A group of 100 of the UK’s leading community energy groups has pleaded with chancellor George Osborne to reverse community energy tax relief cuts as Balcombe has been forced to shelve its own solar farm plans.
Pressure on the Treasury to shelve the plans ratcheted up yesterday afternoon as an open letter addressed to Osborne was sent, co-authored by prominent community energy companies and led by Community Energy England’s Emma Bridge.
The letter argued that the decision went against the Conservative Party’s election manifesto to “give more people the power and support to… start their own social enterprise” and claimed the changes would be the “final nail in the coffin” for future projects.
“Radical and wholly unexpected changes to the Finance Bill will decimate the [community energy] area that has shown by far the greatest potential for community share issues – community energy,” the letter stated.
It was published just hours after Labour and Co-operative MP Steve Reed called for a parliamentary debate on the subject and in the same week Luton South MP Gavin Shuker also addressed the chancellor seeking any evidence that HMT had gathered to support the decision.
And just hours after the letter, campaign group REPOWERBalcombe announced that the cuts had forced its hand and that its plans to develop a community 5MW solar park at Chiddinglye Farm would have to be abandoned.
Last month the project was given the green light and plans had been in place to offer residents of the town, which had been targeted for fracking by oil and gas conglomerate Cuadrilla, the chance to purchase shares to contribute towards its funding.

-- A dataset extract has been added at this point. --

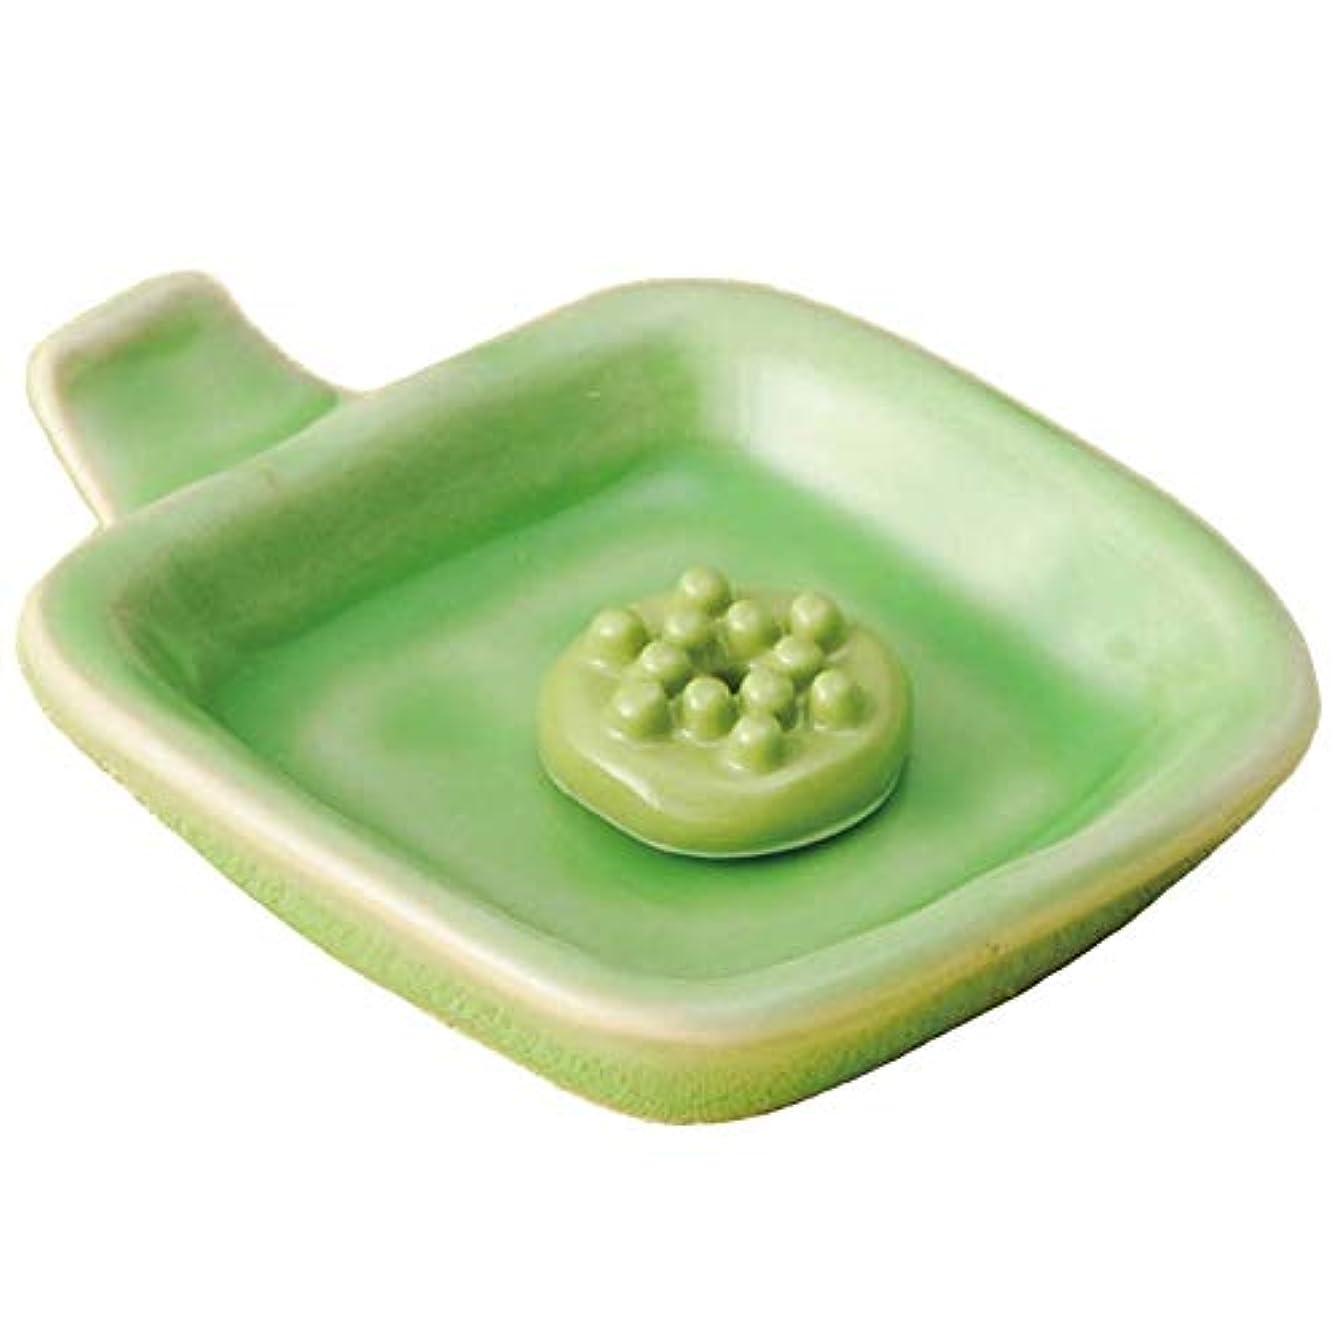 に向けて出発全能症候群香皿 香立て/手付 角香皿 緑(香玉付) /香り アロマ 癒やし リラックス インテリア プレゼント 贈り物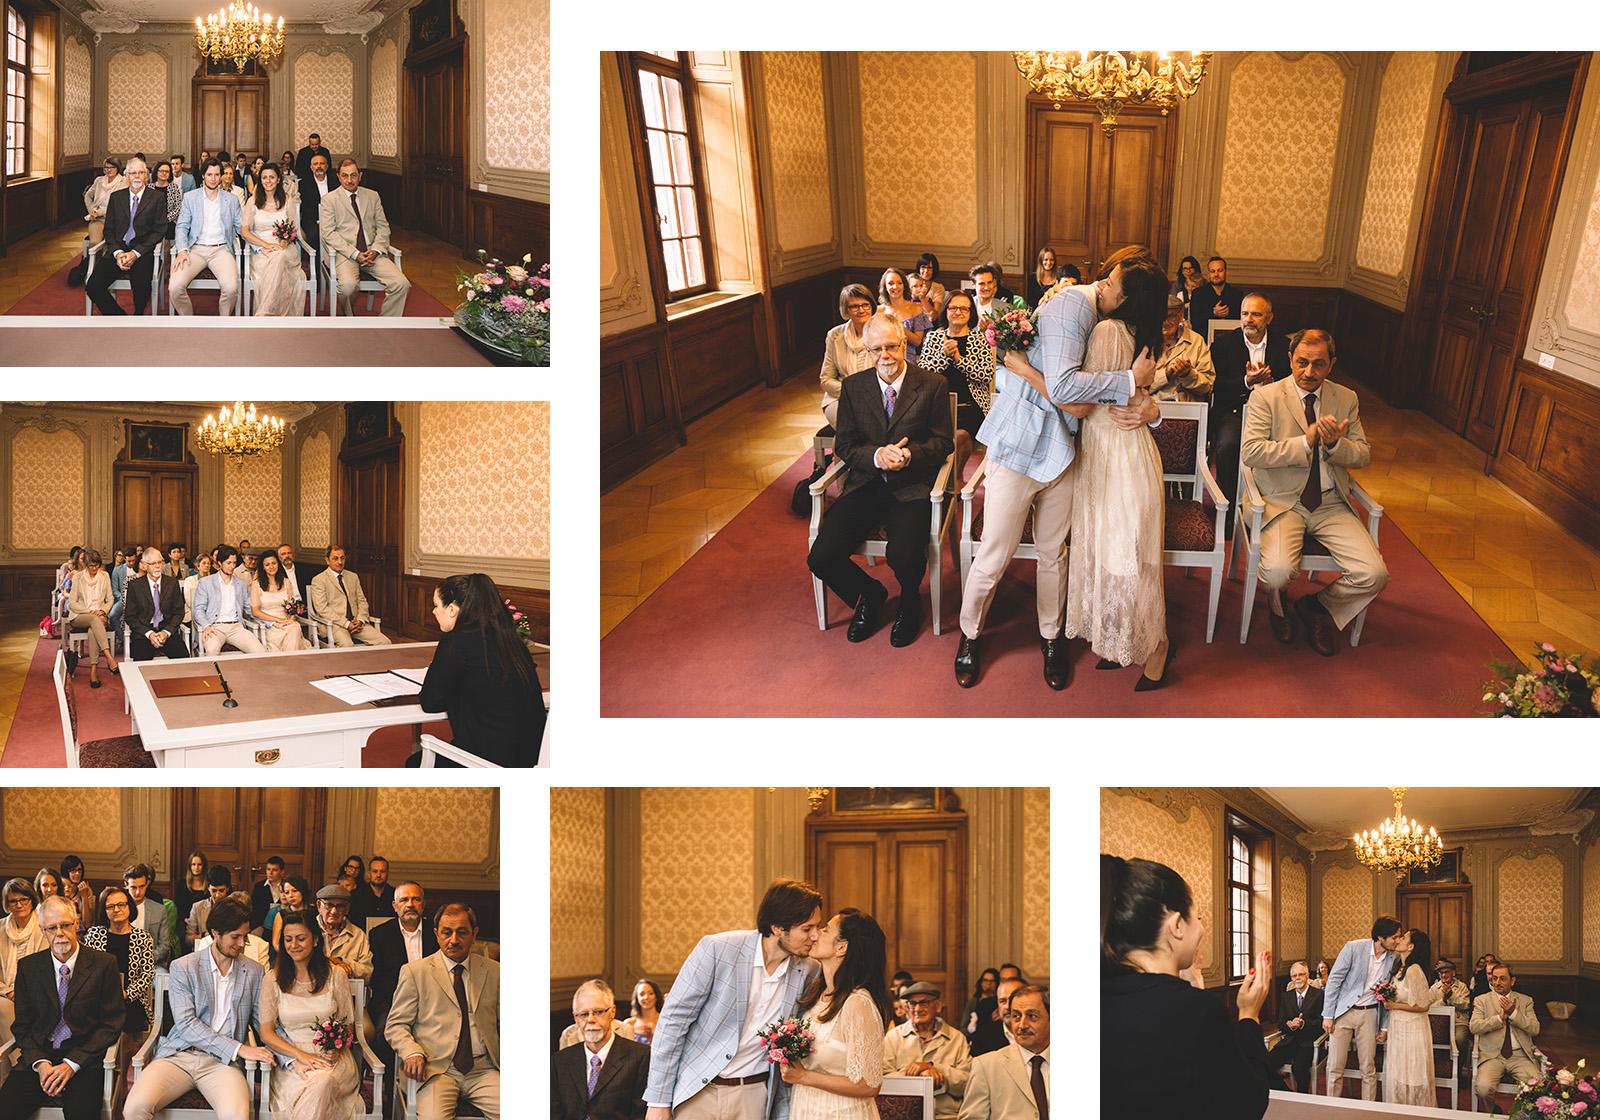 Basel İsviçre Nikah Düğün Fotoğrafı

But the group announced yesterday that those plans had been cancelled just as it was about to purchase the rights to the farm due to the difficulties it would have experienced in getting the project off the ground because of changes to tax relief, on top of the cancellation of pre-accreditation and plans to cut the feed-in tariff by as much as 87%.
“We are bitterly disappointed that it has come to this, especially after so much hard work has gone it. The mechanics of a project of this scale and how policy changes impacted us is complex and there will be a fuller explanation on our website in due course,” REPOWERBalcombe said in a statement published on its website.
The group did however state that the developer associated with Chiddinglye Farm was still committed to it and are now working to secure the capital required to get it operational.